Overall, the strengths of our study include its comprehensive inclusion of all published research on the toxicity of macrolides and the use of tailored analytical methods, particularly the application of REML, to analyze RCTs with low event rates. These methodological choices contributed to the result of a statistically significant association between macrolide use and hearing loss in our analysis.

This study has several limitations. First, a significant limitation was the inclusion of studies in which the control group received medications other than a placebo. For instance, in a retrospective cohort study conducted by Alrwisan et al., which was included in this meta-analysis, amoxicillin + clavulanate was used as a control for patients who were prescribed macrolides36. This introduced a potential confounding factor when comparing the effects of macrolides. Additionally, subgroup analyses were performed to compare studies including a placebo control group with those including other antibiotic controls. The OR was higher in studies with placebo controls (OR 1.359, 95% CI 1.075–1.717) than in studies with other antibiotics as controls (OR 1.242, 95% CI 1.027–1.501). While this suggests the possibility of some level of toxicity associated with antibiotics other than macrolides, it is important to note the limited number of studies in each group (seven in each group) and the non-significant P value of 0.558, indicating the need for caution when interpreting these findings. In addition, the diagnostic and assessment methods for hearing loss used in individual studies are an important factor in determining the overall reliability of a study49. Although the individual studies included in this study used multiple testing methods, there was no statistically significant difference between objective (OR 1.15, 95 % CI 0.96–1.37) and subjective (OR 1.54, 95% CI 1.12–2.13) methods (P = 0.122), suggesting that the assessment reliability of the collected studies is high (Table 2). Therefore, it is necessary to collect individual patient data in the future to approach the real facts through a comprehensive comparison with this meta-analysis.
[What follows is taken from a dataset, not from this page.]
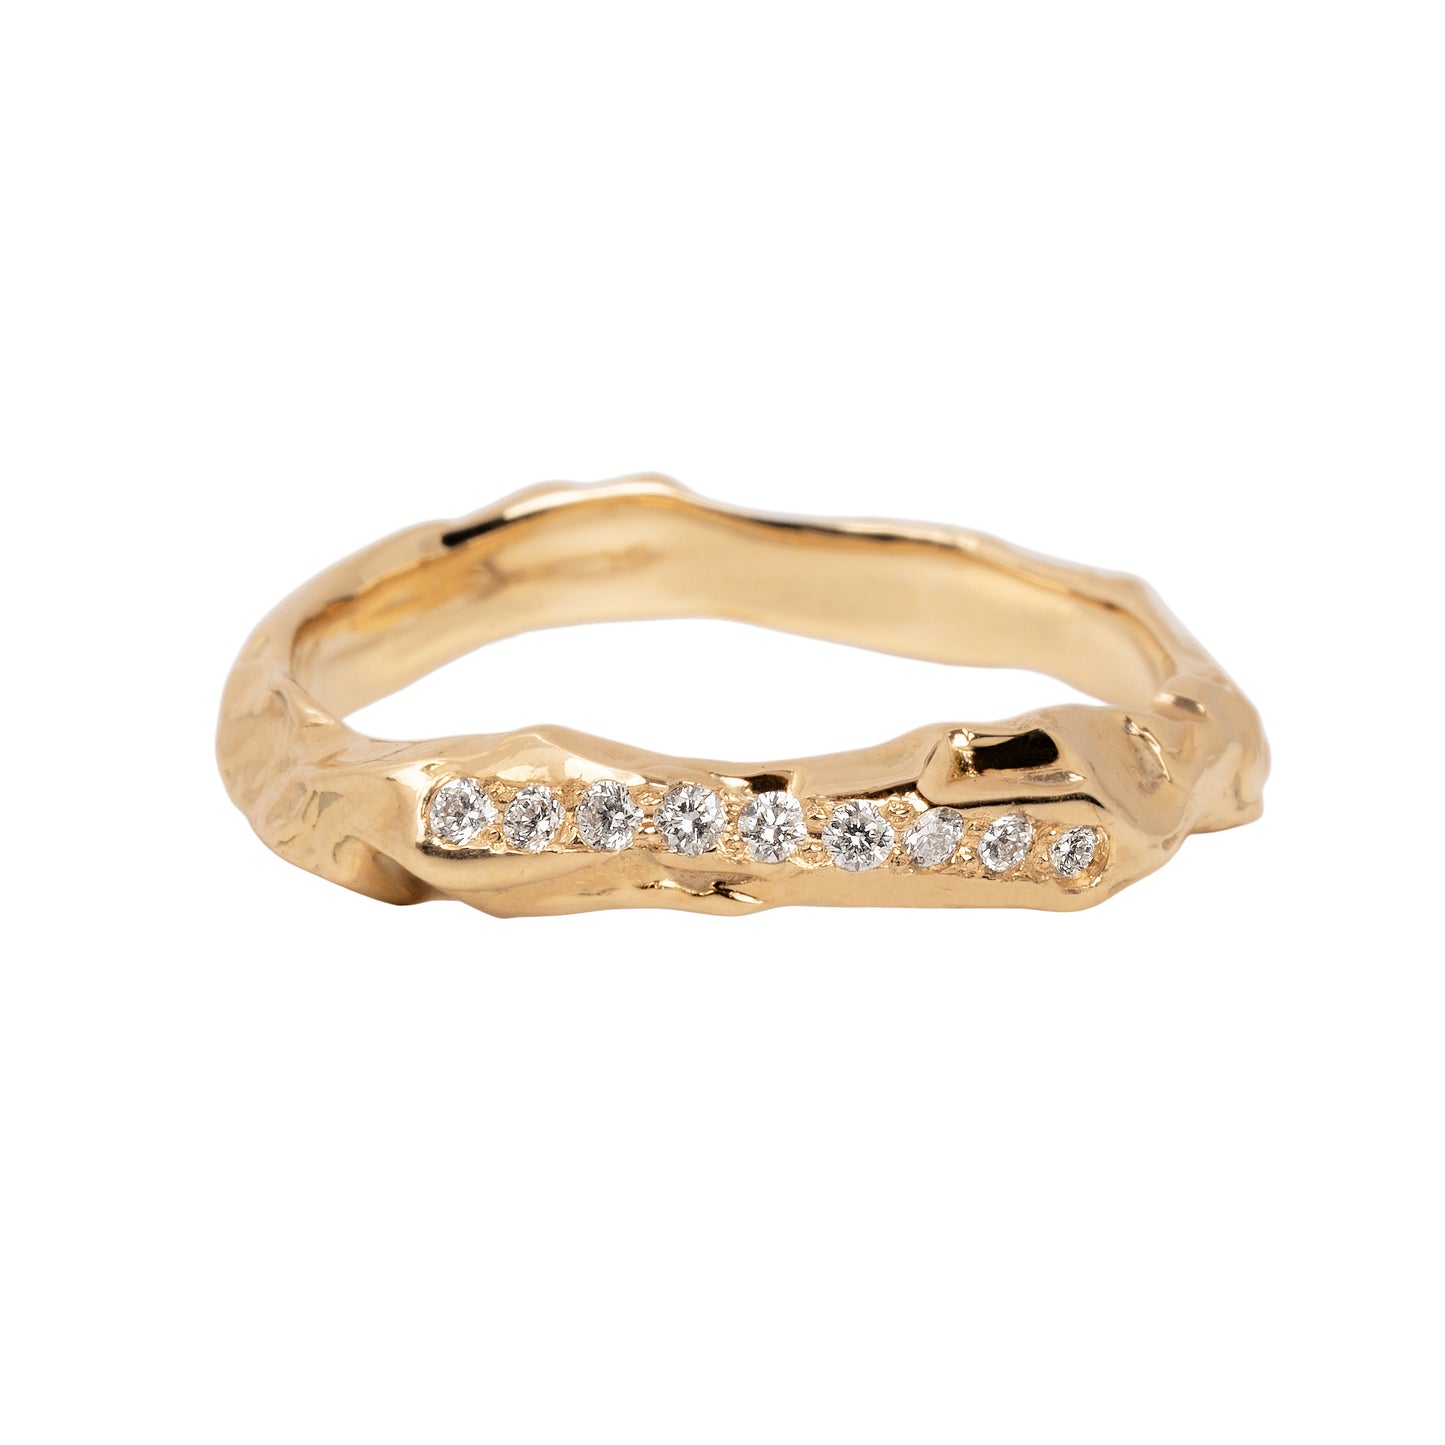 Luna Exclusiva pave diamonds gold ring

Furthermore, because this meta-analysis relied on the aggregation of results from previously published papers, it was not possible to examine the individual characteristics included in each study. This limitation is regrettable as the risk of hearing loss associated with macrolide antibiotics may vary depending on the subcategories within the experimental group. Notably, Dabekaussen et al. in 2022 suggested that pediatric patients with sensorineural hearing loss (SNHL) had an increased likelihood of having received a macrolide prescription than a penicillin prescription18. Additionally, individuals diagnosed with SNHL more than 180 days after exposure were more likely to have received macrolides than penicillin-related medications.

Moreover, recent research has emphasized the potential influence of individual genetic factors on the responses to specific medications50,51,52,53,54. Therefore, future studies should investigate whether genetic predispositions make individuals more susceptible to the toxic effects of macrolides.

In conclusion, our study confirmed an increased risk of hearing loss associated with the use of macrolide antibiotics. Therefore, healthcare professionals should carefully consider these factors when prescribing macrolides. In particular, caution should be exercised while selecting macrolide antibiotics for patients with risk factors such as a family history of hearing impairment or preexisting hearing loss. Additionally, patients with hearing loss in only one ear should receive special attention when prescribing macrolides.